F1 drivers and team bosses opine on the Hungarian GP qualifying format that will make its debut this weekend.

The new qualifying format was to take place in Imola first this year but since the Emilia Romagna GP was cancelled, the idea was pushed onto Hungary which was supposed to be the second grand prix to experiment the format.

This weekend’s Hungarian GP will now see drivers using only the hard compound in Q1, medium in Q2 and soft in Q3. With Imola not taking place, Pirelli along with the FIA decided to trial the experiment during Italian GP at Monza.

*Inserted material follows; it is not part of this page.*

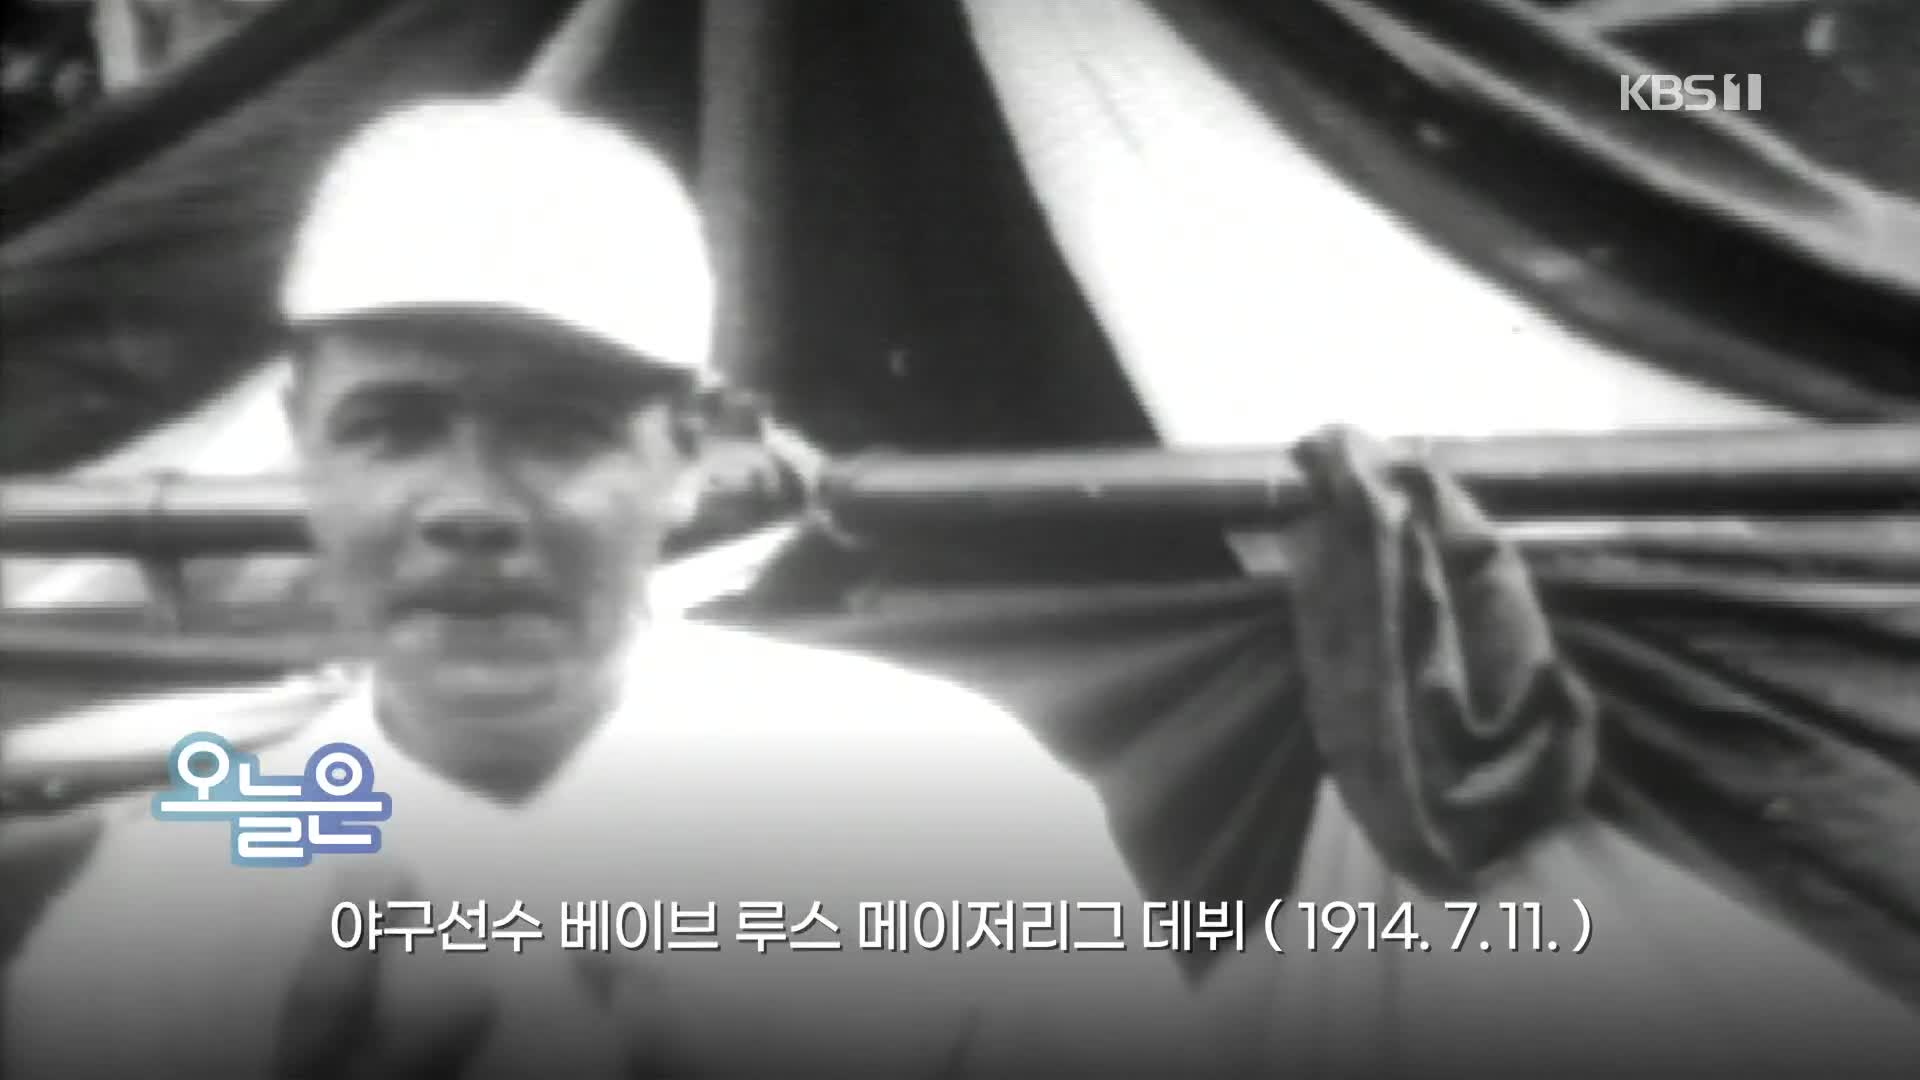 [오늘은] 야구선수 베이브 루스 메이저리그 데뷔 (1914.7.11.)

The new format is aimed to reduce the number of tyres brought about during the weekend which will in turn help on the environment side. The experiment has gathered mixed response from the F1 drivers and also the team bosses, here’s what they said:

Max Verstappen: “I think it plays a bit more into the hands of the top teams, to be honest, because they normally get the mediums and hard tyres to work a bit easier than most of the others.”

Esteban Ocon: “I think yes. It’s not going in the right direction because if FP2 is wet, for example, tomorrow [the Budapest forecast predicts thunderstorms], I believe that we are going to see 10 laps in the day. It’s going to be a difficult one. I think there’s going to be very limited running on Friday, unfortunately, because we have less tyres, and probably in FP3 as well. So, it’s going to be interesting. Who chooses to do what in terms of run structure and which session people are going to be using, because it is the first time that we see this. Every lap that you are going to do is going to be counting massively on the learning because you don’t have many chances to learn before you get to qualifying with less tyres than before.”

Lance Stroll: “You can argue now there’s cars that can get through Q1, so they use three sets in Q1 and that makes it really challenging for the faster cars to even get through Q1, which I think we’ve seen over the last few events. Sometimes you get a Williams or AlphaTauri putting three sets [of new soft tyres] in Q1. You put one set or two sets, you get knocked out. It happened to me in Miami. We tried to go through Q1 on one set, you have other cars doing three sets and then you’re trying to save another set for Q3.”

Frederic Vasseur: “Very often we are too shy and too conservative on the format. It was an option that we discussed last winter in order to have new options for the future, and I think it makes sense to do it and we have to try.”

James Vowles: “Obviously I think it was Imola that we were due to try it and it didn’t happen. It was put on to the SAC two years ago and it’s sort of come through to now and to 2023. The idea is good. I’m not sure what it’s going to do. There’s always a little bit of concern, where you’re slightly on the slower side. Is it going to be as easy to get the harder tyres to work? Are we actually going to split the field out? But the concept of trying it is exactly why we are doing it. We’re unsure of what the other circumstances will be, what will happen to the field spread. In many ways, there’ll be positives. On that harder tyre in the first session, you’ll be able to not just get one lap out of it, as is the case today perhaps in Silverstone with the soft tyre, but multiple laps so you’ll see more cars going around the track, more laps being completed. Probably positive for the sport, positive outcome for it but will it make a bigger gap or make it more predictable, unsure yet, which is exactly why we’re running it as a format. So open minded and it might present a new direction of travel.”

Mike Krack: “I think the key word here, is what James said, the open-mindedness. We need to try different things. I think Stefano also highlights this all the time. And in this case, the idea behind it is less tyres, more sustainable, so I think we have to applaud that initiative.”